Why faster is seldom quicker

The laws determining how fast a conventional bicycle will go are simple, and can be succinctly summarised as “the more you pay, the less you get, the faster you go”.

Light bikes, that can be propelled more readily up hill and down dale, are fabricated from expensive materials such as carbon fibre composites, for small markets that are prepared to pay heftily for them. Depending on whether you want to go fast on the flat, in which case air resistance is your greatest foe, or you want to defy gravity by ascending long, steep Alpine passes, you may have to invest in aerodynamically faired bikes, or insanely light ones.

Only the bluntest of bike vendors would dare tell you the overriding law that the more you train, and the less you weigh, the faster you go.

Switch to computers, and many will tell you that Moore’s Law is the underlying determinant of speed.

In fact Gordon E Moore, co-founder of Intel, did not claim that processor performance would increase exponentially, but that the number of transistors that can be incorporated into cheap chips would double every two years. It is evident that Moore’s real law has a physical limit, in that transistors have a minimum physical size, and he recognised that. Processor performance is even more constrained, because it is not a simple function of squeezing more transistors onto single chips, but gets confounded by instruction sets, clock speeds, cooling, and more.

This year’s keynote at Apple’s WorldWide Developer Conference (WWDC) once again promised performance improvements in OS X. I cannot remember a WWDC in which that has not been at least part of the promised future. Indeed if I add them all together, by now my Mac should have already finished doing the things that I will think of in a few minutes time.

Mac OS X 10.6 Snow Leopard was, I think, the first to fully embrace the hardware solution that nearly thrust the UK to the vanguard of computer design. First announced, to the wild enthusiasm that only WWDC can engender, on 8 June 2008 it was not demonstrated in public until the following WWDC, but shipped the following August.

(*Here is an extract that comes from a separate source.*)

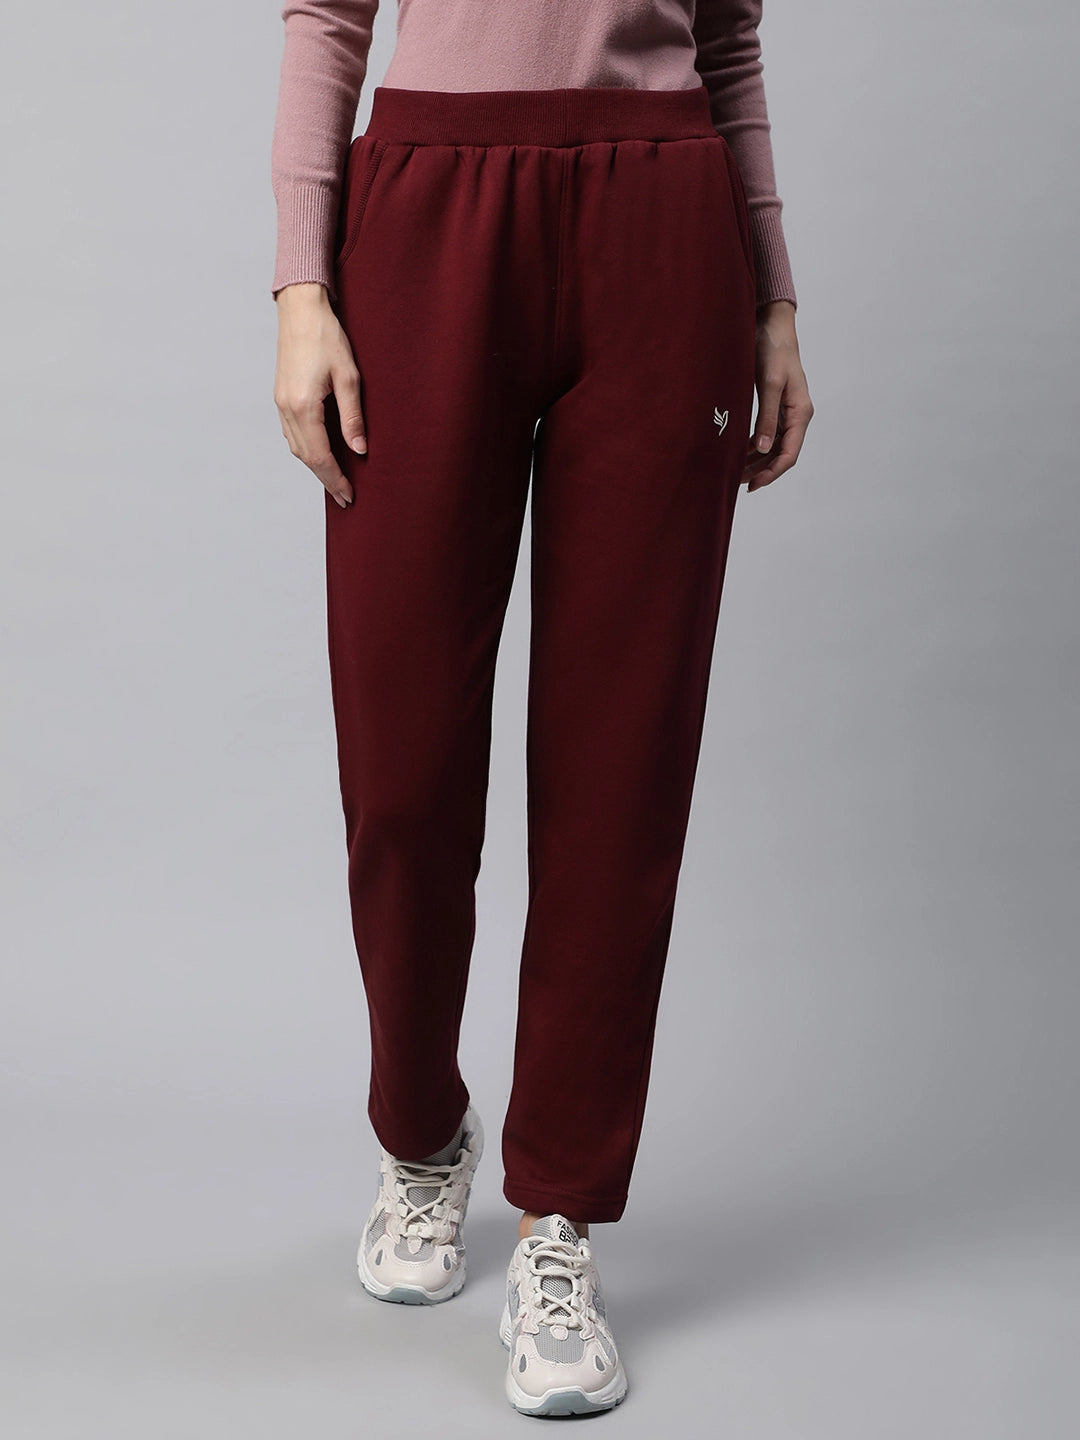 Neat Stitched Maroon Cotton Straight Trouser Capri Pants For Girls  Ladies-Assorted Colors Available

Nearly thirty years ago, Iann Barron’s INMOS, based at Aztec West near Bristol and fabricating its chips in Newport, Wales, came very close to capturing the performance computing market worldwide, with its Transputer parallel processor. Had they been able to fund development and growth better, our Macs might now contain a cluster of Transputers instead of Intel cores. Even by today’s standards, Transputers were radically different, being designed to process tasks in parallel, talking to one another over tightly-coupled high-speed links, and running software written in Occam, a dedicated parallel programming language.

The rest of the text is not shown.